Source data:
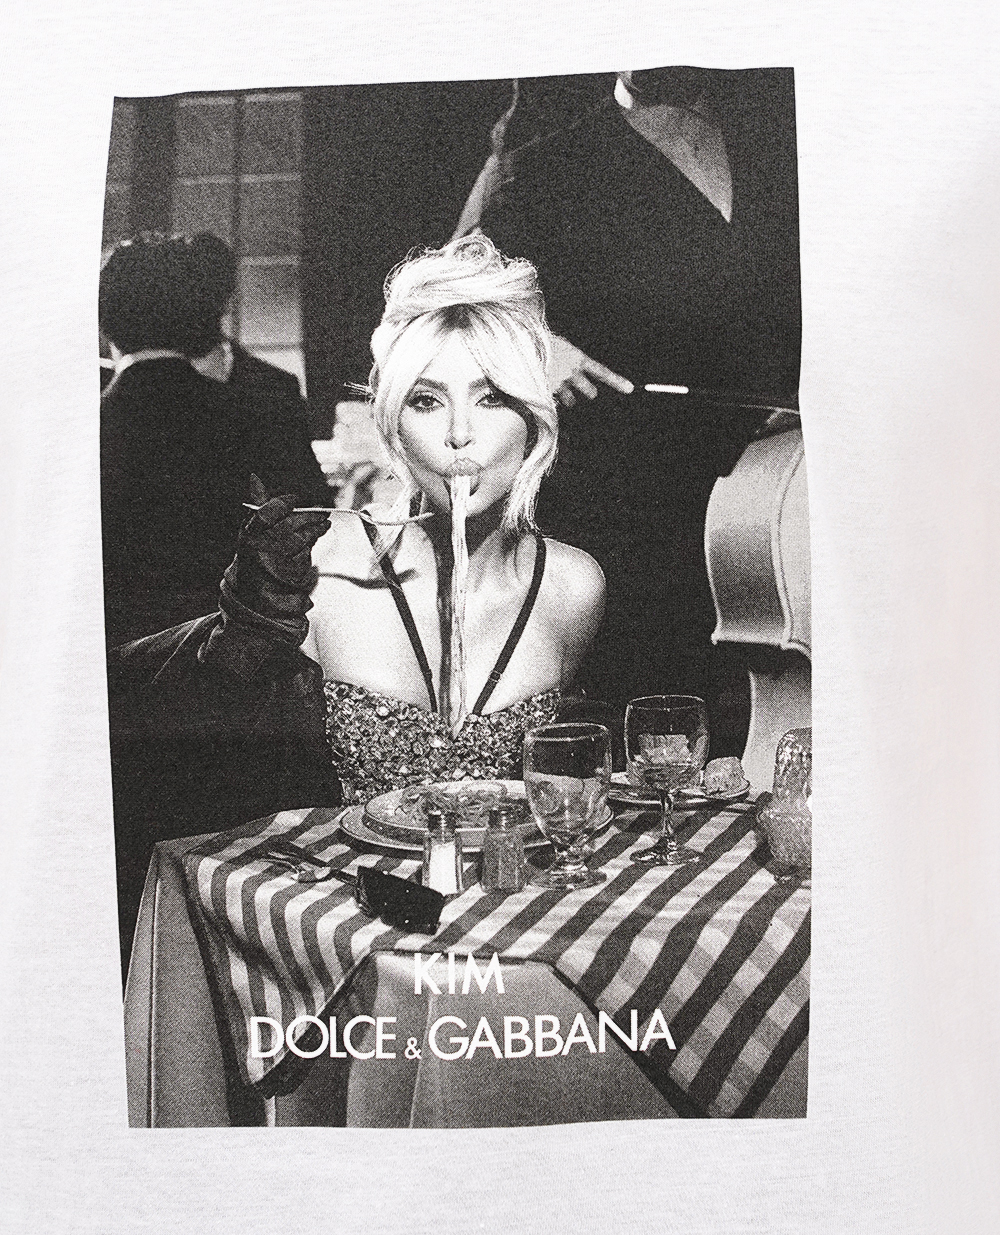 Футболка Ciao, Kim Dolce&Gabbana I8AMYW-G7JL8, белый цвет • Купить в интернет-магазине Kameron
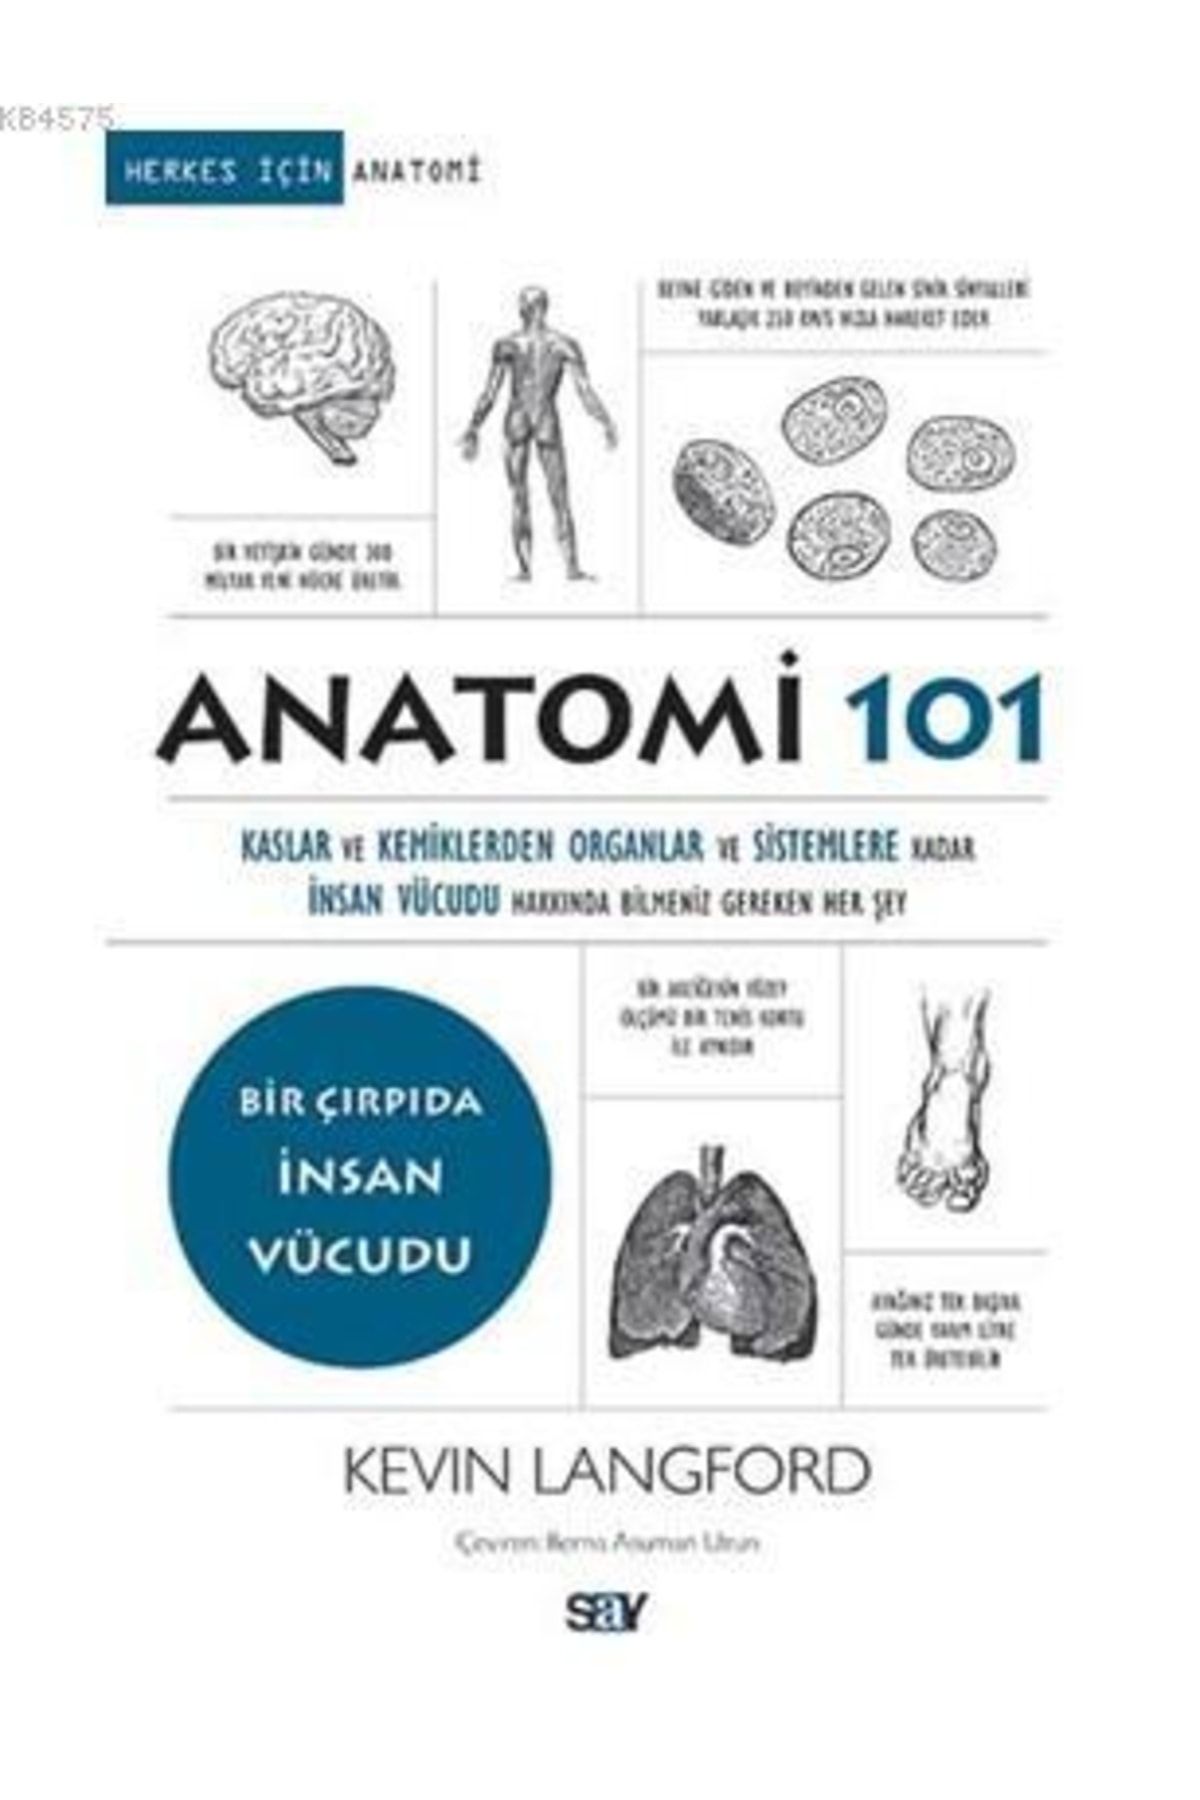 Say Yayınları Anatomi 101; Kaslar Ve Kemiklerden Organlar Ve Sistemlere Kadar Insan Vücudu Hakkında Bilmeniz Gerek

--

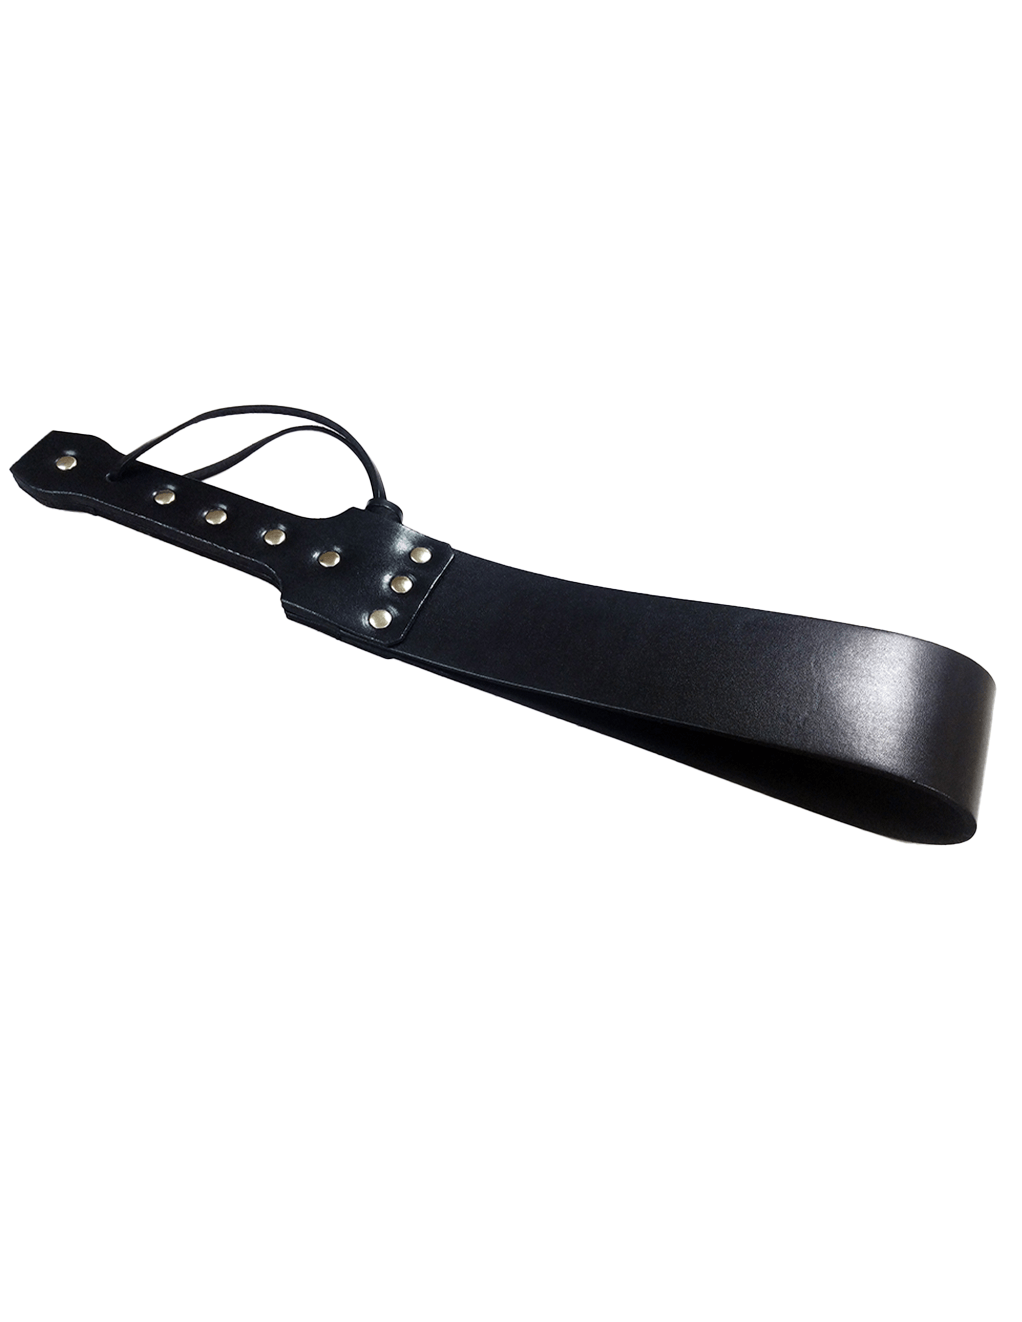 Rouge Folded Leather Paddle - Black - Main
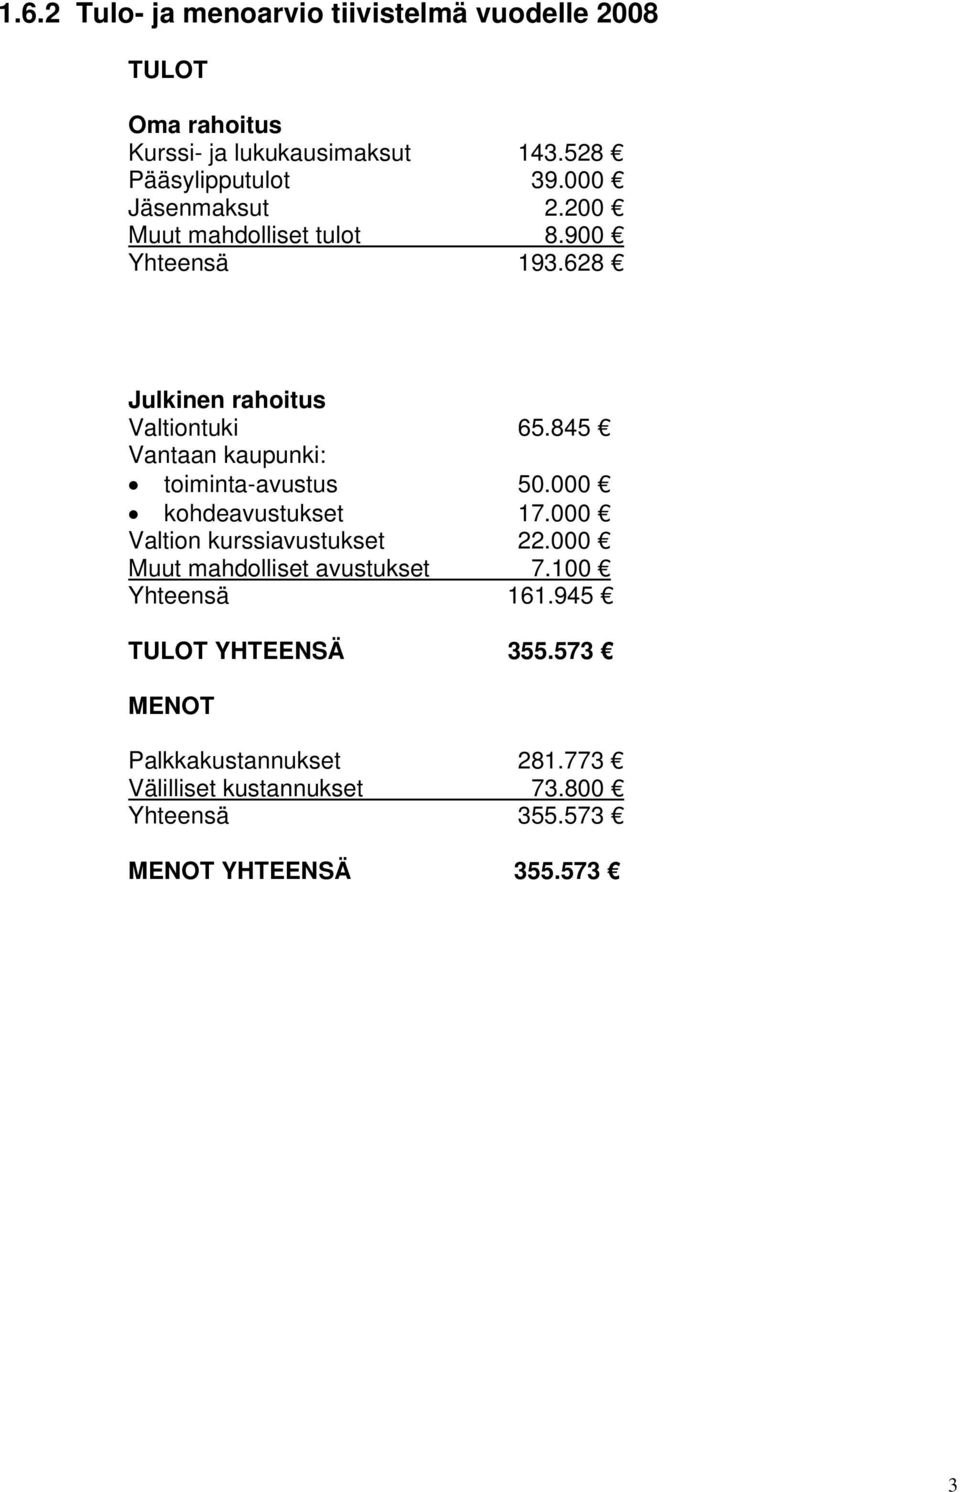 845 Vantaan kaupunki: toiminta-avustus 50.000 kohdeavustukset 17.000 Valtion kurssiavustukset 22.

Work task: Your answer should be the lines above, word for word, from the line with "Rouge Folded Leather Paddle - Black - Main" through the line with "845 Vantaan kaupunki: toiminta-avustus", minus the pictures.

Answer below:
 Rouge Folded Leather Paddle - Black - Main
 845 Vantaan kaupunki: toiminta-avustus 50.000 kohdeavustukset 17.000 Valtion kurssiavustukset 22.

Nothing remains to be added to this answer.